Первое «Воспитание чувств»
Шрифт:
Где бы он был без нее? Если б не встретил ее однажды, что бы он теперь делал? В какую сторону развернулась бы траектория его жизни? Почему он так полюбил, подпал под ежедневное влияние ее колдовских чар? Откуда такая слабость с его стороны и такая сила с другой? При всем том он еще по-прежнему любит, убеждал он себя, только перестал это осознавать, как мы не всегда вспоминаем, что дышим. Но если он продолжает ее любить, почему же он в этом сомневается, откуда столь мучительное недоумение? Он пытался изгнать его из головы, снова, с прежним пылом окунуться в обожание, вспомнив и давнюю первоначальную робость, и содрогания только распускающихся бутонов страсти.

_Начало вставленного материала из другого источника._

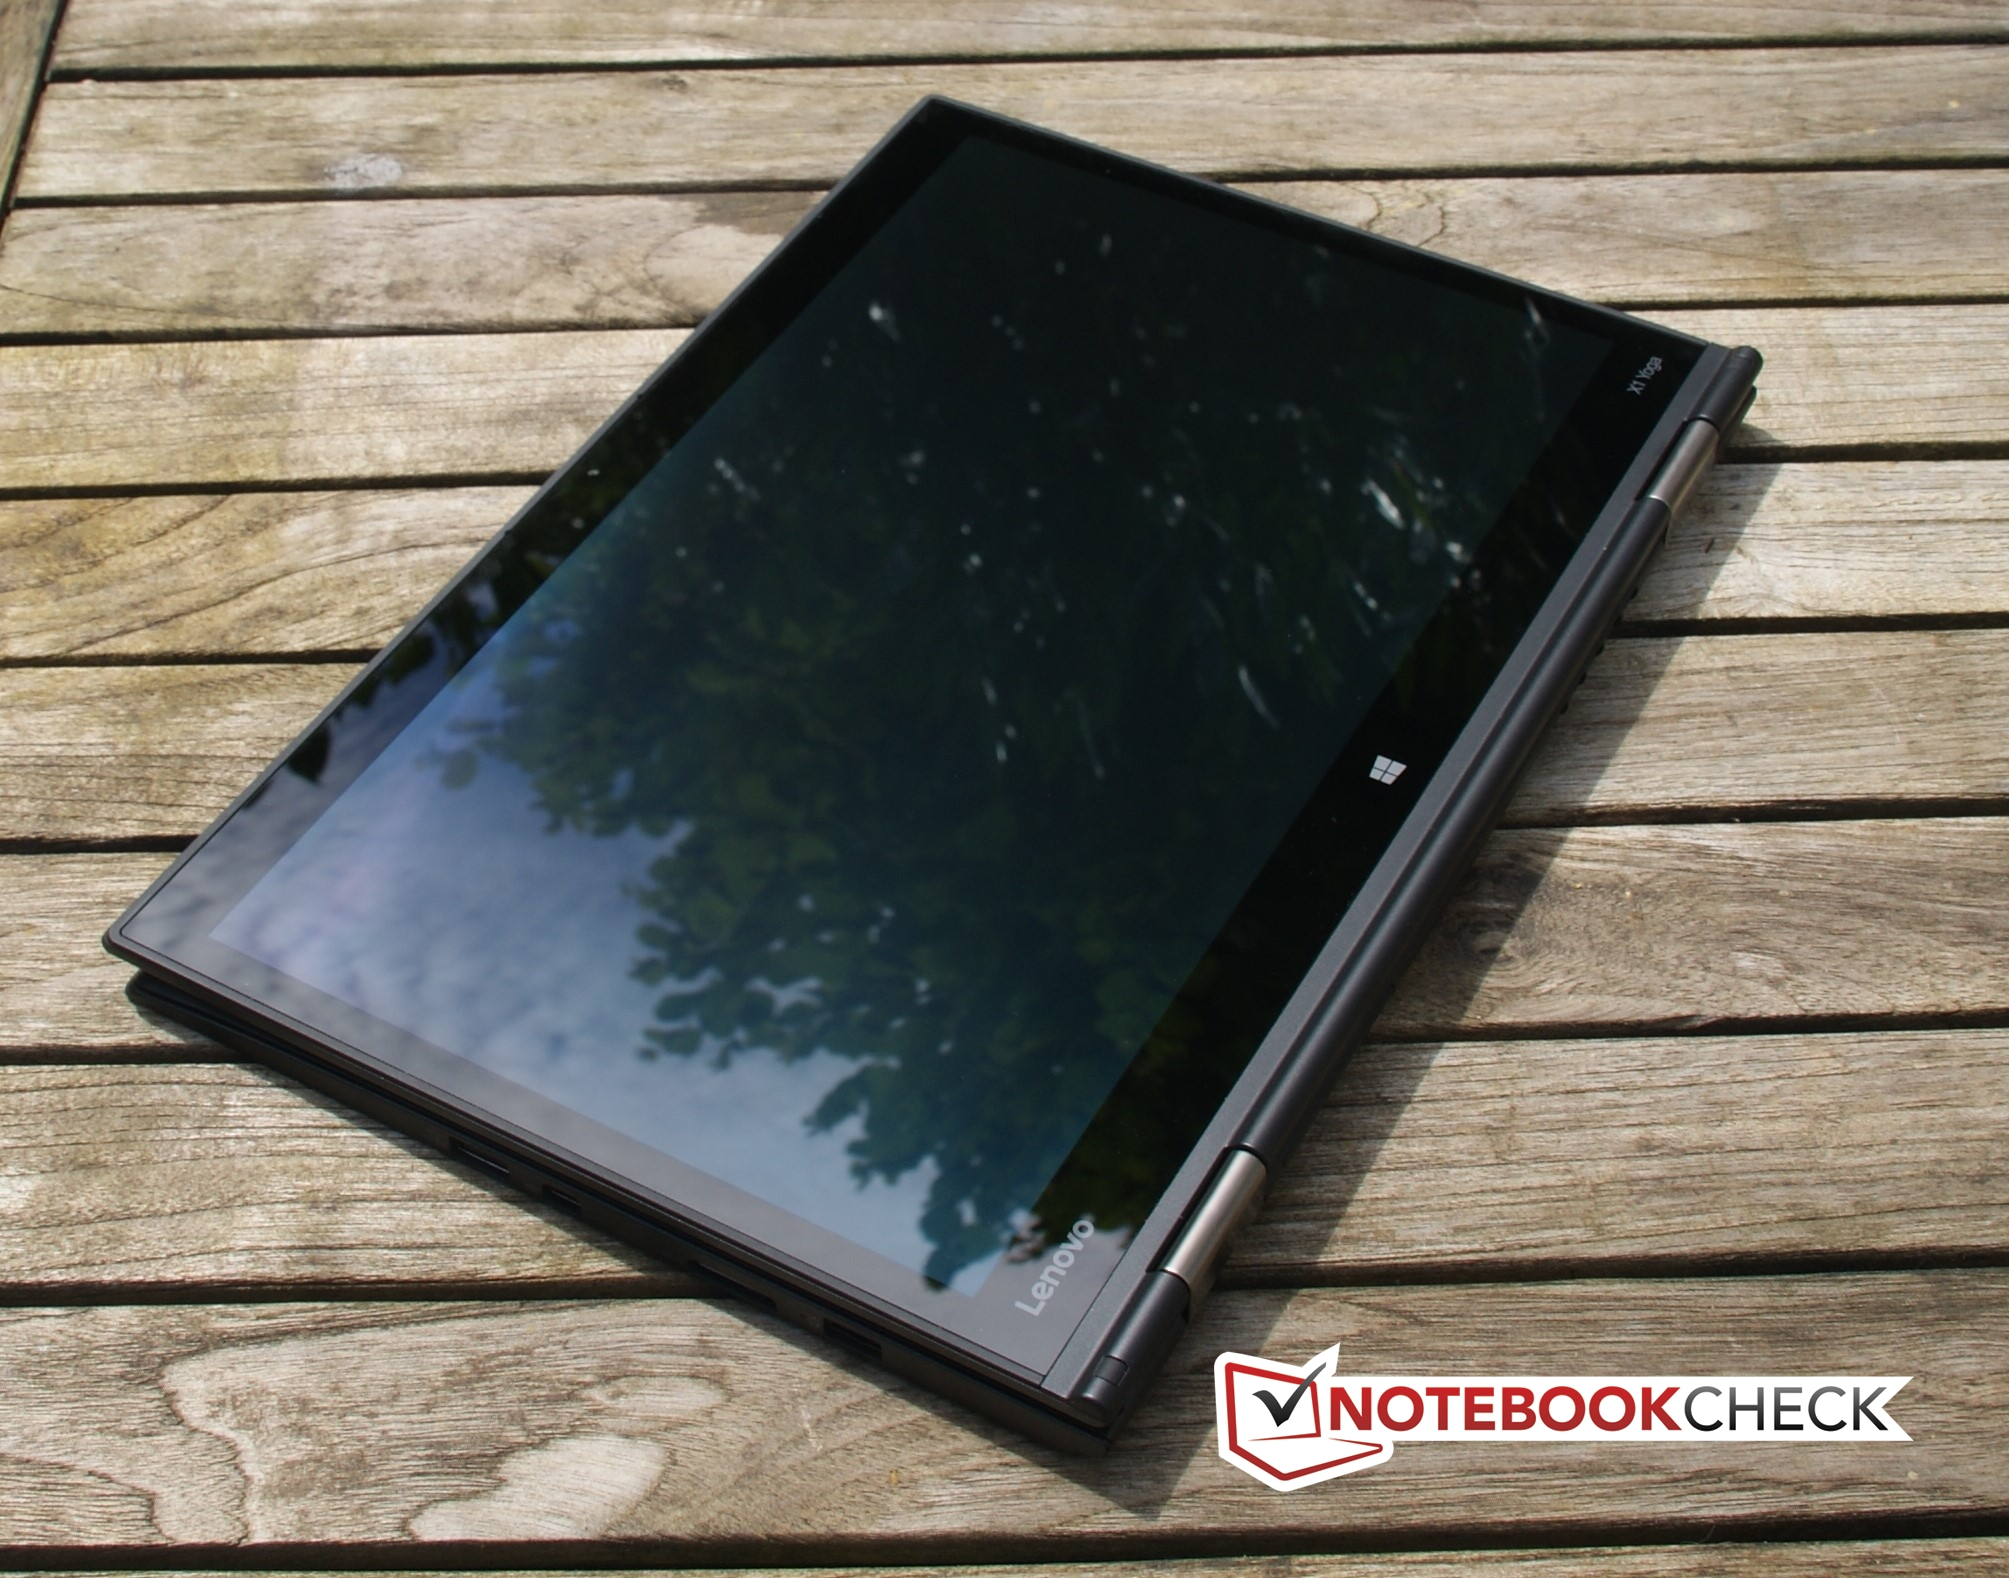 Lenovo ThinkPad X1 Yoga (OLED) Convertible Review

Потом у него случались новые вспышки желания, подобные тем, какие бывают у стариков, терпкие, жаркие до жестокости, — последние глотки из кубка, с отчаяния отправляемые в утробу, прощальный отблеск оргии сердца, ее закатная вспышка; он отдавал этим минутам
Но завтра наваливалась невесть откуда взявшаяся печаль: он не находил в душе того покоя, что следует за нормальным наслаждением, и впадал в давешнюю тоску. Между тем рядом с ним жила та же женщина, он оставался тем же мужчиной, все пребывало неизменным, и тем не менее все изменялось. Откуда бралось то безотчетное удивление, что вставало между этими двумя, казалось, лишь затем, чтобы отдалить их друг от друга? Ни меланхолия, какую оставляют после себя воспоминания о великолепных днях, ни мрачное отупение, обыкновенное следствие излишеств, никогда не вызывают таких внезапных приступов охлаждения — он просто окостеневал в замешательстве: его одновременно изумляло, сколь теперешнее чувство не похоже на прежнюю любовь и как одна-единственная ночь способна бесконечно отдалить день вчерашний от нынешнего утра, ночные безумства от сменившего его устрашающего спокойствия; он стал подозревать, что все это — следствия некоей таинственной причины, производящей неощутимую на взгляд метаморфозу, и приходил чуть ли не в ошеломление, разглядывая в зеркале себя с тем же, что и накануне, лицом.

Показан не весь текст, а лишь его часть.